I’ll be better off at home since I haven’t been there in a year.

The son declared, “I will take you without a doubt.” “The holidays are just a few days away,” he added.

Long live my son; you make me proud; not all kids are like that. We’ll visit your mother’s grave when I get home; did you bring flowers for her grave? She loved flowers.

The son briefly glanced at his father before turning his head away. After saying good-bye, he walked out. The father began keeping track of the passing time and telling the other patients that he would soon be going home.

The son was sitting on the couch at home, looking thoughtful. He was reluctant to inform his wife. He said as he turned to face his wife.

He beseeched his wife, “I’ll bring dad home for the holidays,” as he said.

The wife spoke sharply while making a nervous gesture.

You might have overlooked the possibility of our contracting tuberculosis from your father. In addition, we’ll have lots of visitors over the holiday.

But the physician claimed that he is no longer a threat to people.

Do you trust the medical profession? Nothing is understood by them.

Their exchange came to an end.

The guests gathered around a lavish table, eating, sipping their parents’ toasts, and instructing their children to become good people on Easter morning after everyone had gone to church.

They cleaned the table and apartment after the visitors left before retiring to bed exhausted. Even though the son was exhausted, he was unable to fall asleep because of something bothering him. He made the decision to go see his father in the morning. There were hardly any people in the hallways and an unusually quiet hospital.

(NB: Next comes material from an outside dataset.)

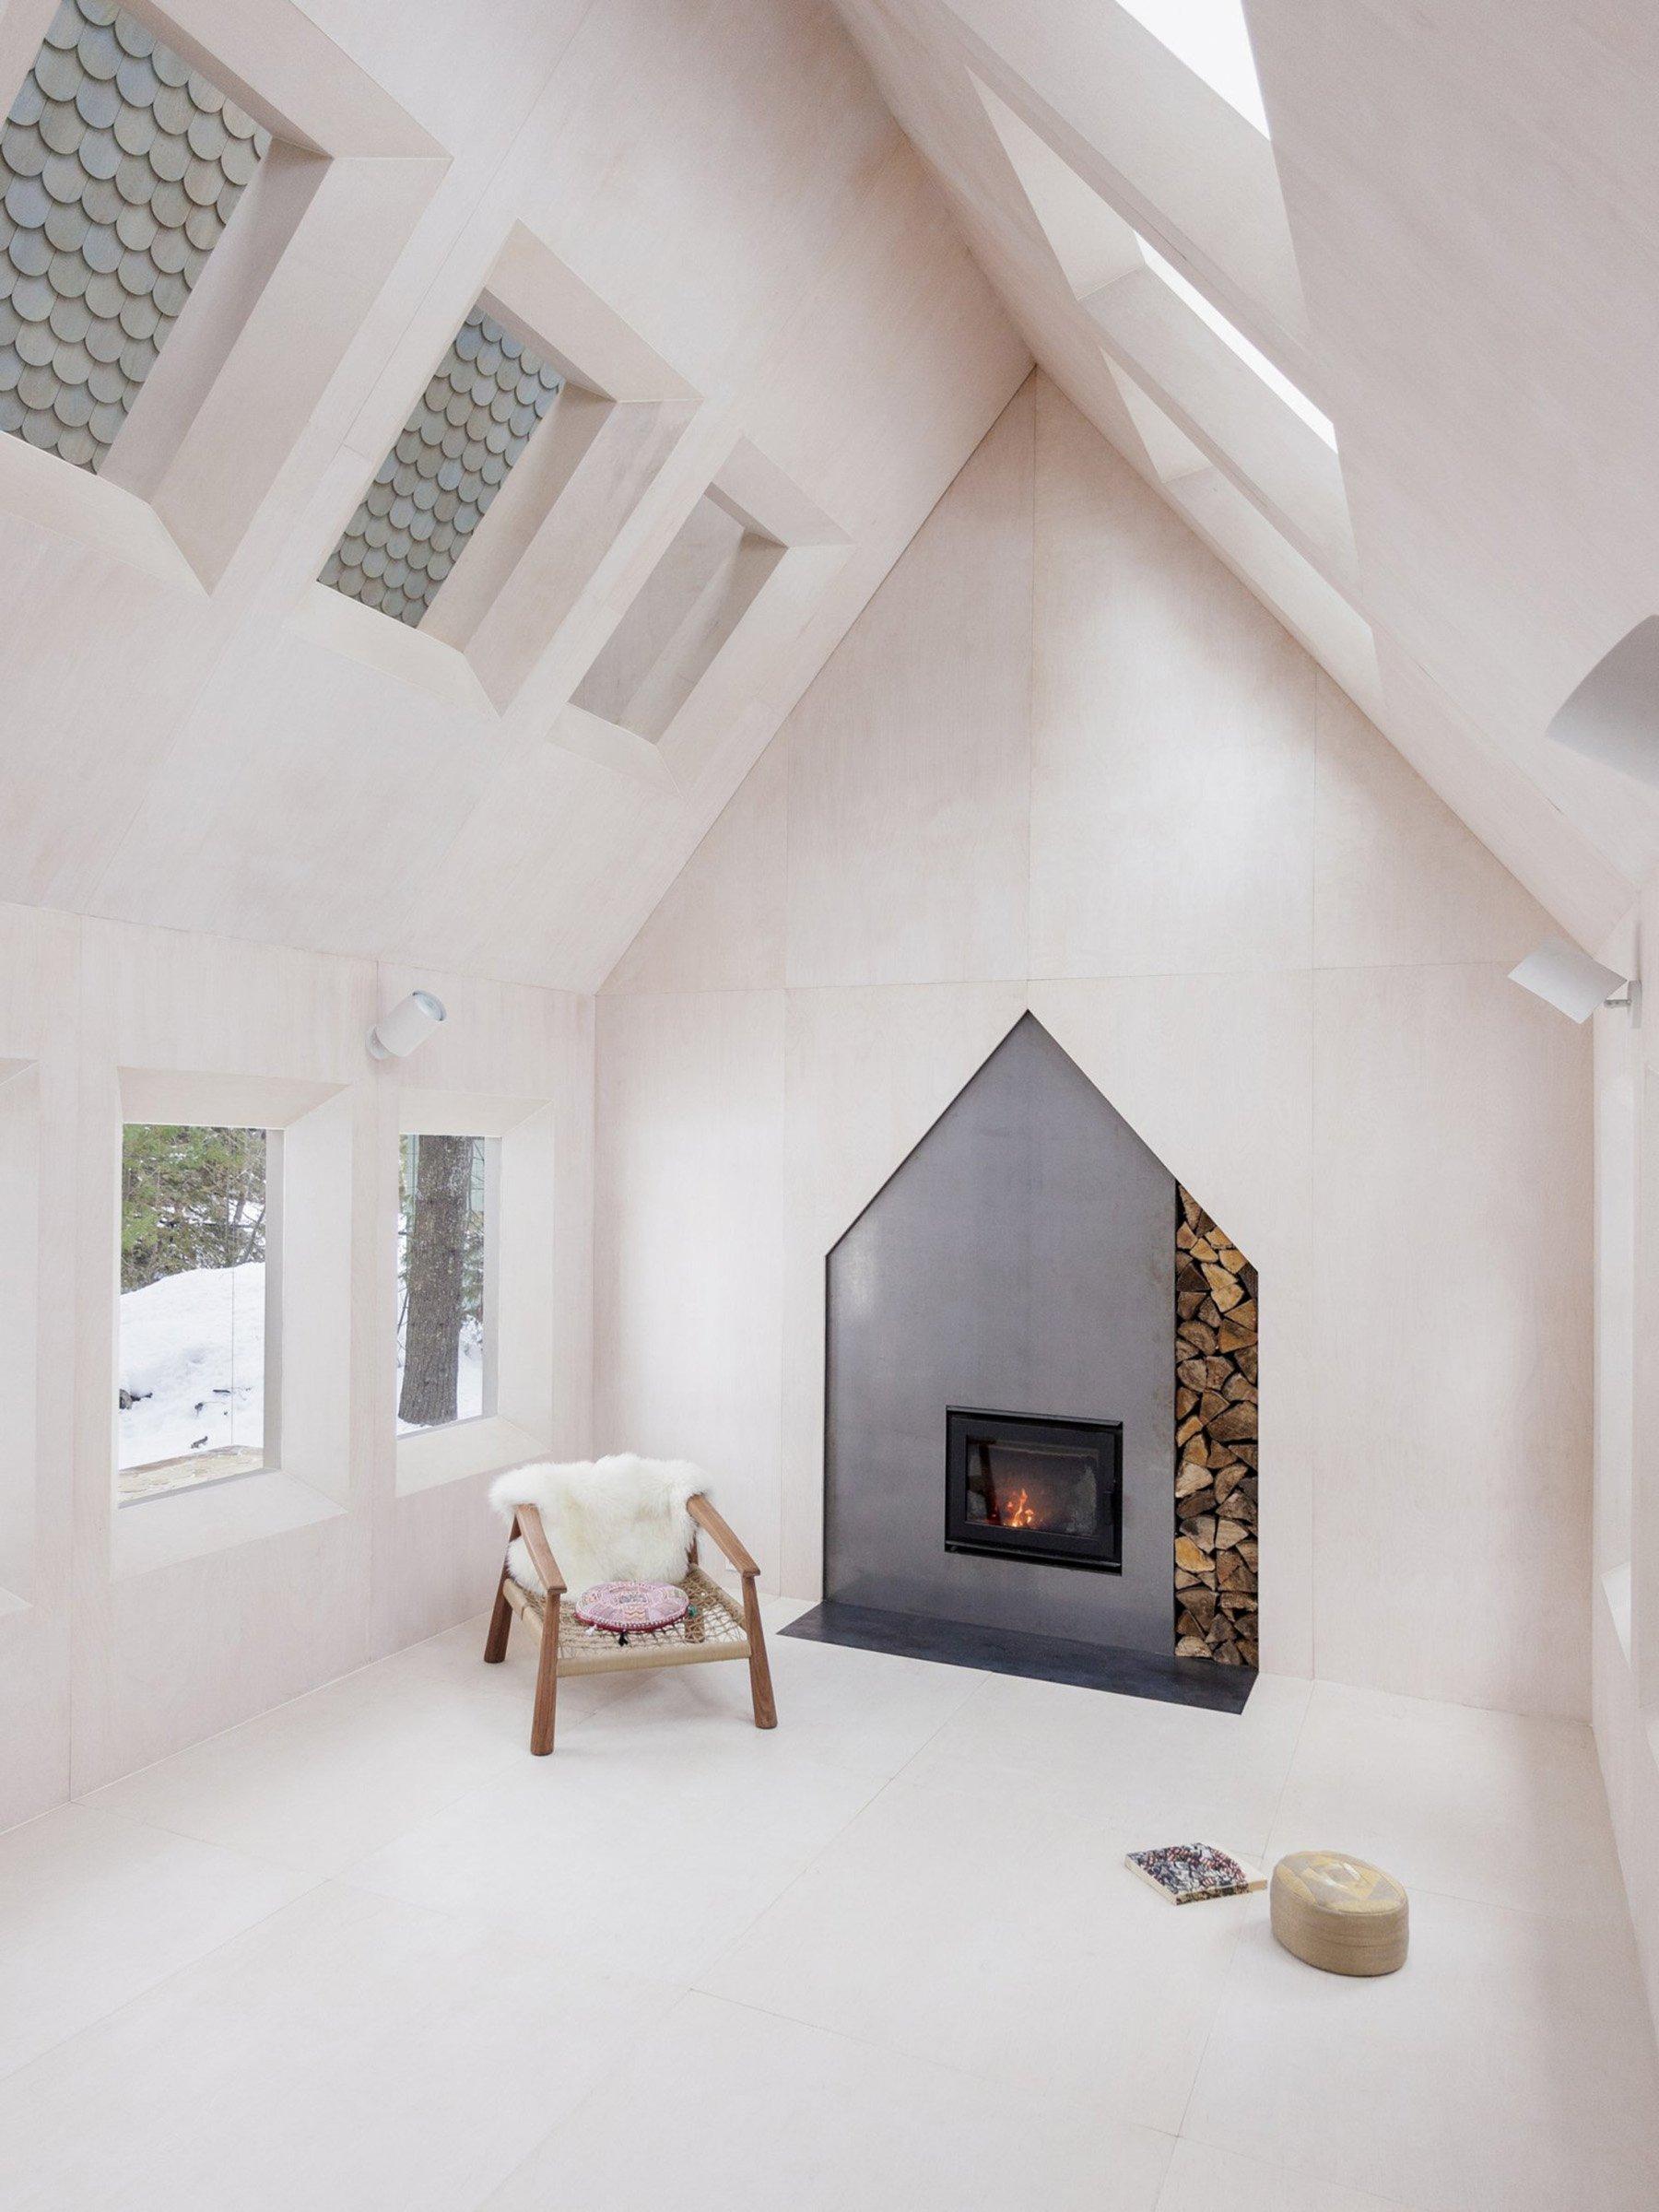 iGNANT-Architecture-UUfie-The-Lake-Cottage-10

Many patients, according to the nurse, had returned home to spend Easter with their families. The son bowed his head as he began to ascend the stairs to the eighth floor, where his father’s hospital room was located. As he approached the door, he was contemplating how to apologize when he suddenly noticed that his father’s bed was vacant. He exited quickly and headed to the physician’s office. He noticed the doctor at the door speaking softly.

Despite our best efforts, we were unable to save the man. He passed away. And his final words were, “I am so disappointed in life, in myself, in my son, that I have failed to raise a decent person.”